Intra-abdominal gastric fistulas result usually from perforation of gallstones or the escape of foreign bodies. Produced in this way they empty usually, though not always, into some neighboring portion of the intestinal canal.

TUMORS OF THE STOMACH.

Benign tumors are occasionally found in the stomach, and are most often of the adenomatous type. Papillomatous growths into the stomach have also been observed. Beneath the peritoneum, or in the submucous tissue near the pylorus, fatty tumors have also been seen. Myomas of mixed type have been described, and cysts have been met in the walls of the stomach. These have rarely attained a size larger than a hen’s egg. All of these non-malignant tumors are of pathological rather than surgical interest. Every one of them, however, will admit of successful surgical remedy when once recognized, operation consisting of excision, with suitable suturing.

CANCER OF THE STOMACH.

Carcinoma is perhaps as frequently seen in the stomach as in any part of the body, the breast possibly excepted. In about three-fifths of the cases it involves the pyloric region, in one-tenth of them the cardiac end, the balance occurring in the intermediate part. It is usually of the round-cell or scirrhous variety, and is generally supposed to be a disease of adult or advanced life. While this is generally true there have been exceptions. It is occasionally met in the young, and has been reported even in early childhood. True sarcoma of the stomach is exceedingly rare. It spreads especially in the submucous tissue and evinces a tendency to involve especially the lesser curvature.

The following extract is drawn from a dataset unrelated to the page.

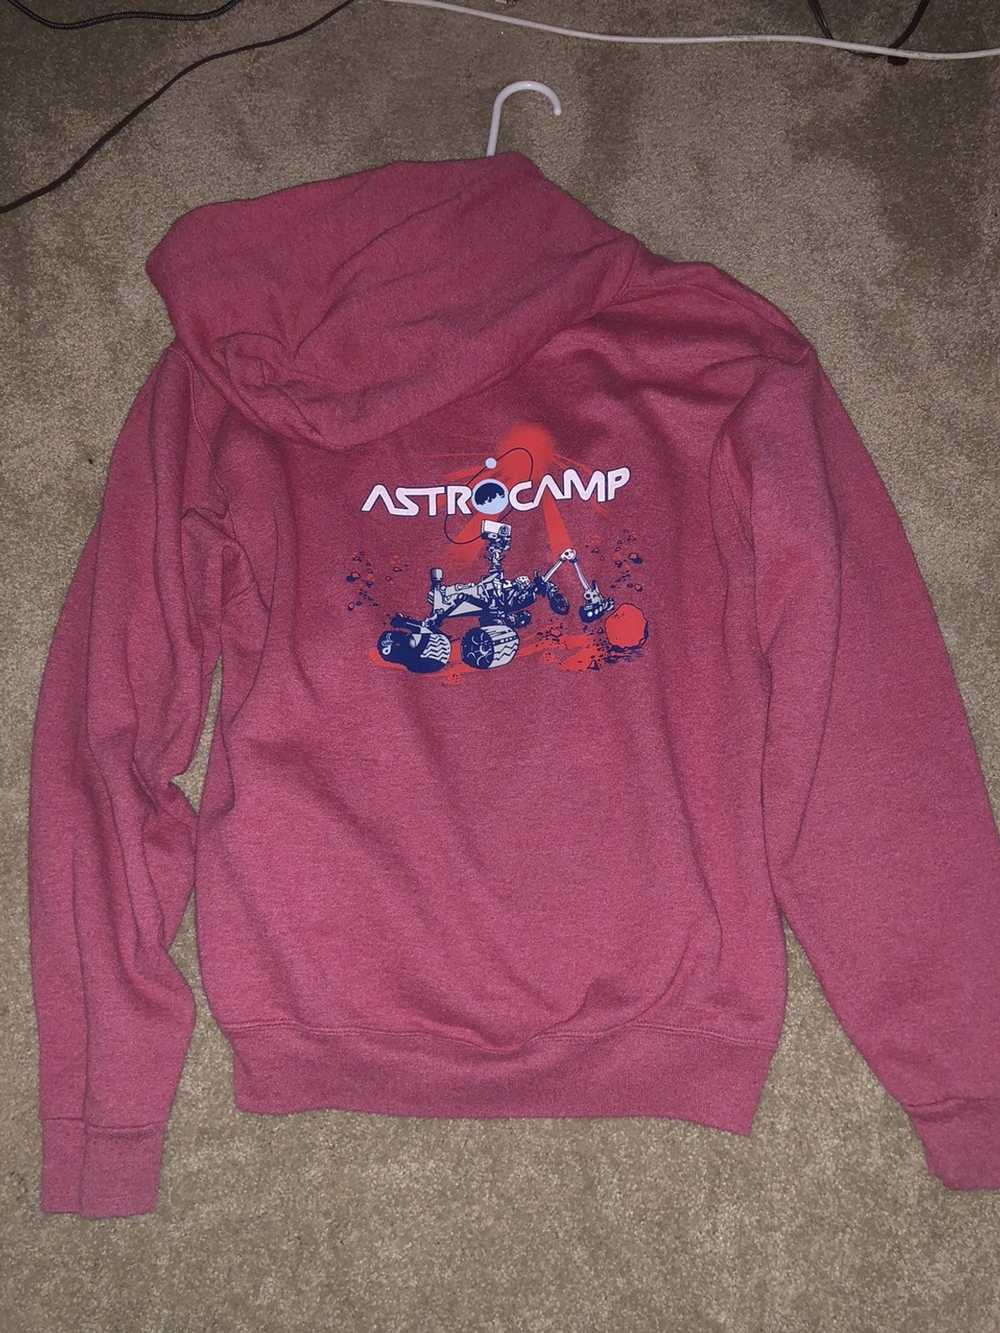 Astro Astro Camp Hoodie - image 2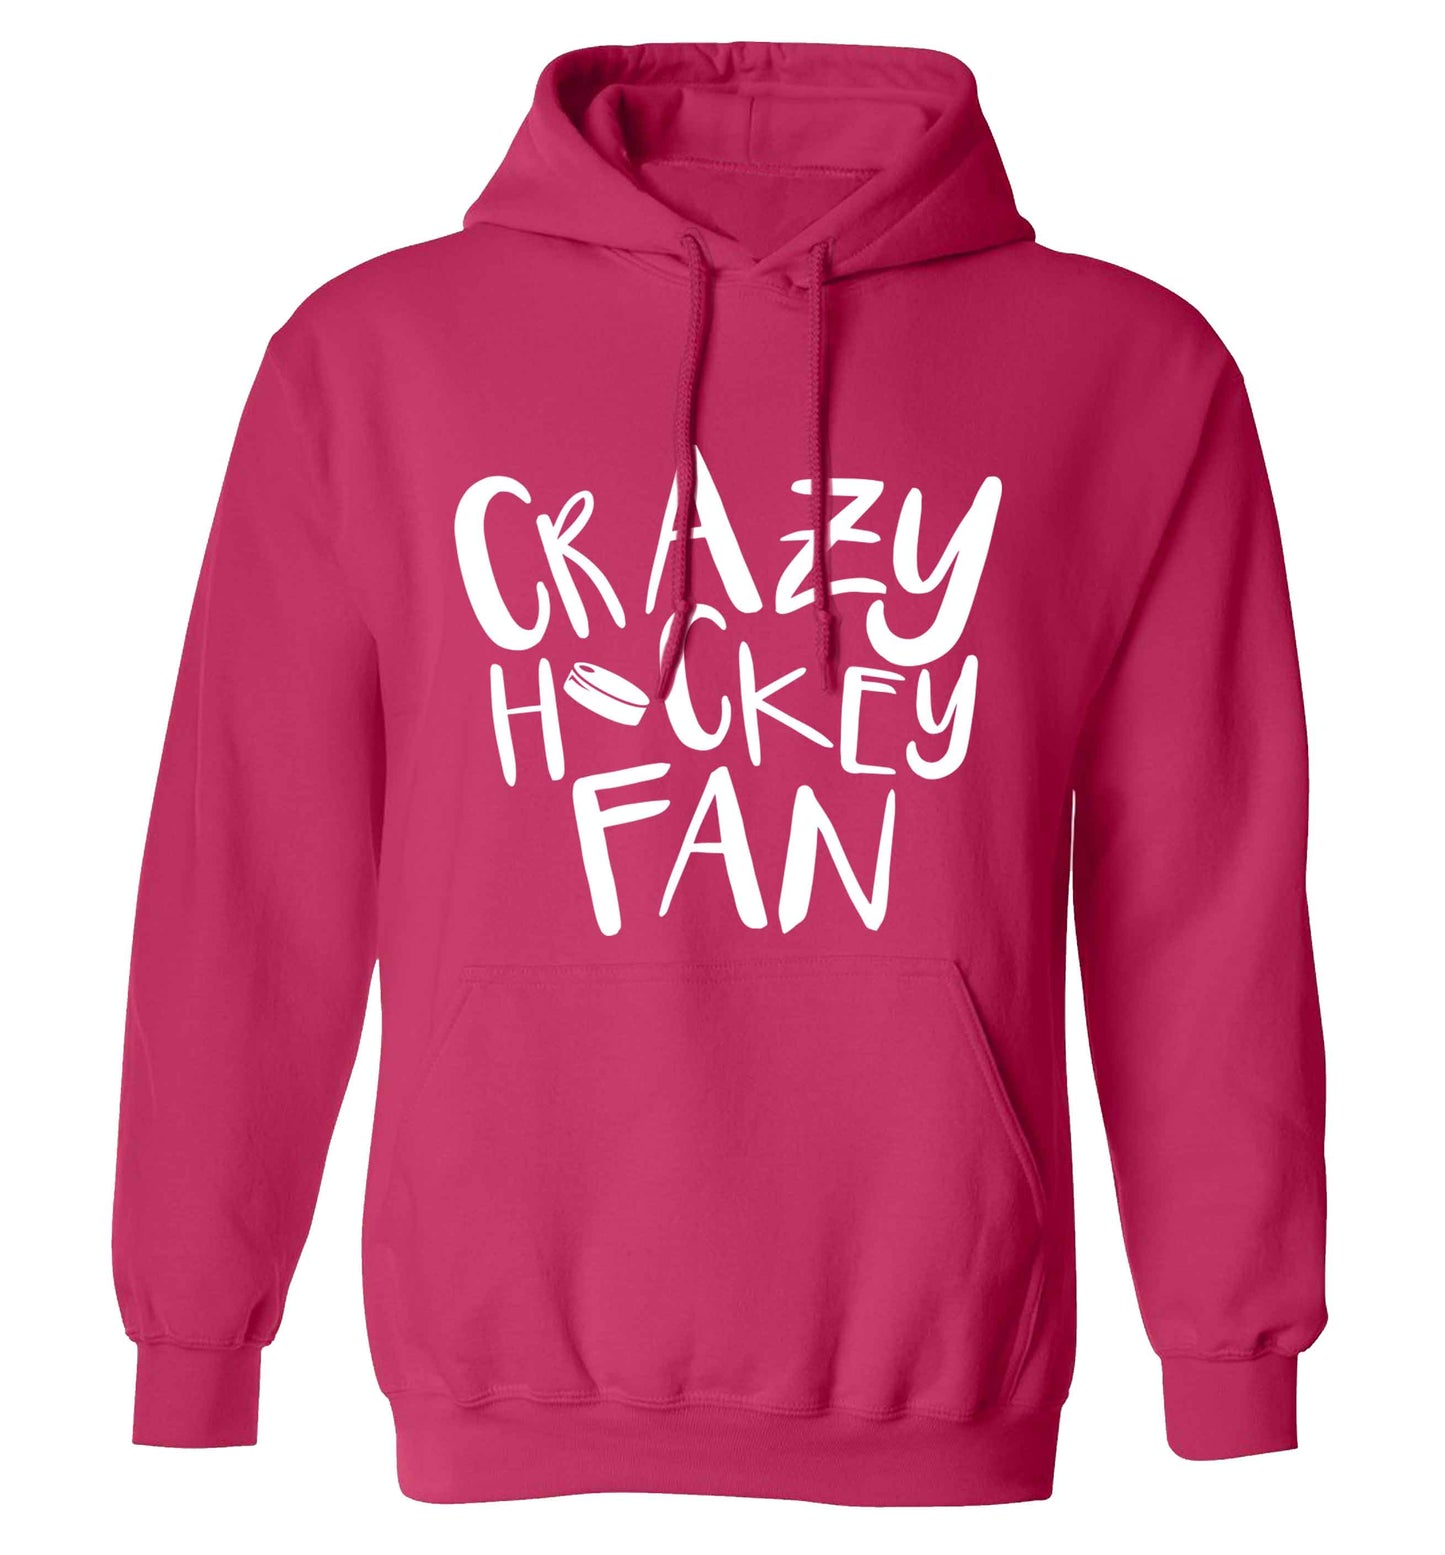 Crazy hockey fan adults unisex pink hoodie 2XL

The duodenum evinces an extraordinary immunity from malignant disease, even that involving the pyloric region. When the pyloric end is involved the lesion is frequently complicated by adhesions, which are present in considerably more than half of the cases. The lymph nodes of the adjoining mesentery are nearly always involved, practically always in cases which come to the surgeon for operation. As the disease advances it spreads in several directions, and adjoining viscera may be involved, or even those at considerable distance, while metastases to other parts of the body are common. It is somewhat more common in males than females. In proportion as the pyloric ring itself becomes infiltrated and involved pyloric obstruction is an early feature, with the inevitable gastric dilatation and greater frequency of vomiting. Pathologists and surgeons are learning that the most frequent cause of gastric cancer is gastric ulcer, and recent investigations are to the effect that in at least 80 per cent. of cases there has been ulceration which has been followed by this malignant change. This affords additional reason, then, for regarding gastric ulcer as a surgical disease and operating upon it early and before such transition has occurred.

Symptoms.

—As repeatedly emphasized throughout this work cancer is a disease without a pathognomonic symptomatology. For this reason it is rarely diagnosticated in its early stage, the symptoms which it produces being those of indigestion or dyspepsia.

The most distinctive features met with in gastric cancer are pain, vomiting, more or less dilatation, and presence of tumor. Pain is an early and constant symptom, the complaint at first being of heaviness and oppression, made worse after the ingestion of food, and later referred to as actual pain, which may be limited or may radiate to either side or to the back. Much will depend upon whether the cancer develop from the site of a previous gastric ulcer or independently.

Individual complaints are variant regarding the intensity and reference of this pain. In large measure it is due to the formation of adhesions, and its reference will depend much upon their location.